Background: American coming from a academic/non-profit background with a focus on museology, material preservation, and libray/archival sciences. I'm married and approaching 40. I've been studying Japanese language and culture intermittently since grad school and believe I could make N2 or N1 within 2-3 years.
Situation: I'm experiencing a calculated mid-life change of profession and have been trying to make a go of moving to Japan for several years. I'd like to leverage these preservation skills in Japanese material culture – via daiku, miyadaiku, or funadaiku work (I have zero direct experience in this and was excited to learn). Even a cursory glance at immigration sites, talking with daiku, shows this wont work directly (visas, etc… for this type of work – if you're on this sub, you know the drill).
Ultimately, any workaround puts me SOL: for example, gaining N1 proficiency plus Japanese tradeschool puts me in my mid-40s and "too old" by most metrics (according to daiku I've spoken to) for starting an apprenticeship in woodworking or heritage preservation; ESL schools are mostly looking for young, unmarried new grads with TOEFL training (back to school a 3rd time with no guarantee of making the transition out); and finally… I'm just average.

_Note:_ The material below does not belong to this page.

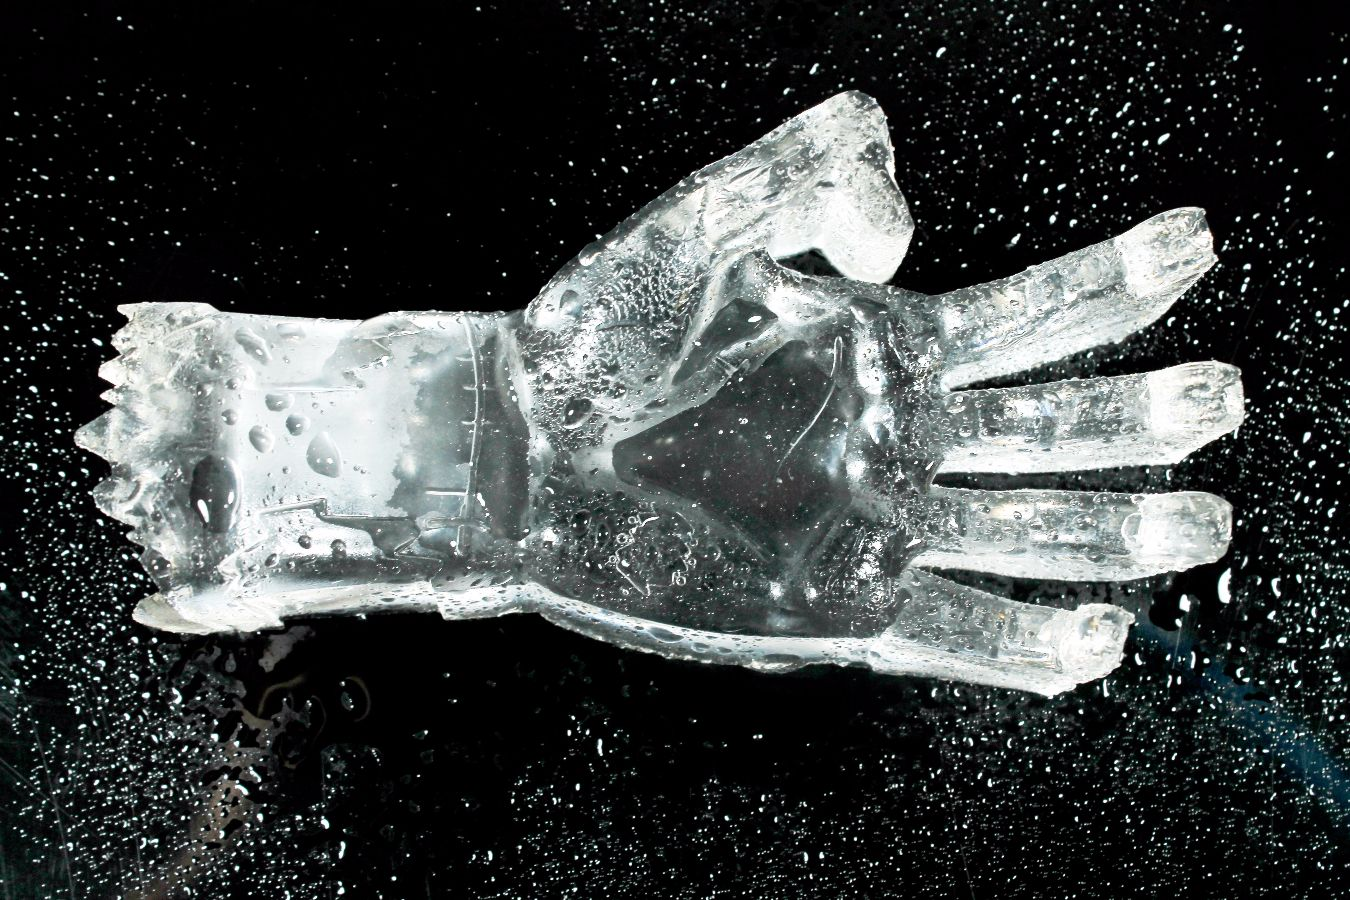 3D Zombie Hand Ice Mold | Kids Go Whoa

I'm good at my profession, proud of my work, but not great enough to truly leverage it overseas (indeed why would ANY Japanese company in their right mind hire a foreigner for a museum, library, archive, or trade job against a Japanese national, already trained in the nuances of their own language and culture?) I'd love to convince them otherwise but degrees, a few industry awards, and a couple of conference proceedings dont count for much.
Honestly, I'd do just about any job to get me and my partner to Japan – but I'm just not enough.
Conclusion: Not happening. Indeed without an "economically important" profession (engineering, tech, medicine, business, or just plain having a ton of money)- NO country really has an interest in you. You are a burden, a waste of resources, and not worth the effort of integrating you into Japanese society (or German, or British, or take your pick) no matter what you might be capable of. Frankly, my own country isn't doing much to convince me they want me either (awful healthcare, dwindling interest in higher ed and learning, insane prices in housing, gestures vaguely at everything)
Letting a dream die is hard. Really hard. I've tried so many avenues both here and abroad to make a move work for several years now – I'll never be enough. Again, no bitterness, no anger, just a genuine sadness that I'll never achieve something that seems so damn simple in theory, but impossible in practice.
So am I wrong? A huge blindspot I'm not seeing? Anybody else grappling with this – coming to terms with a dream denied? Curious about others thoughts! Thanks!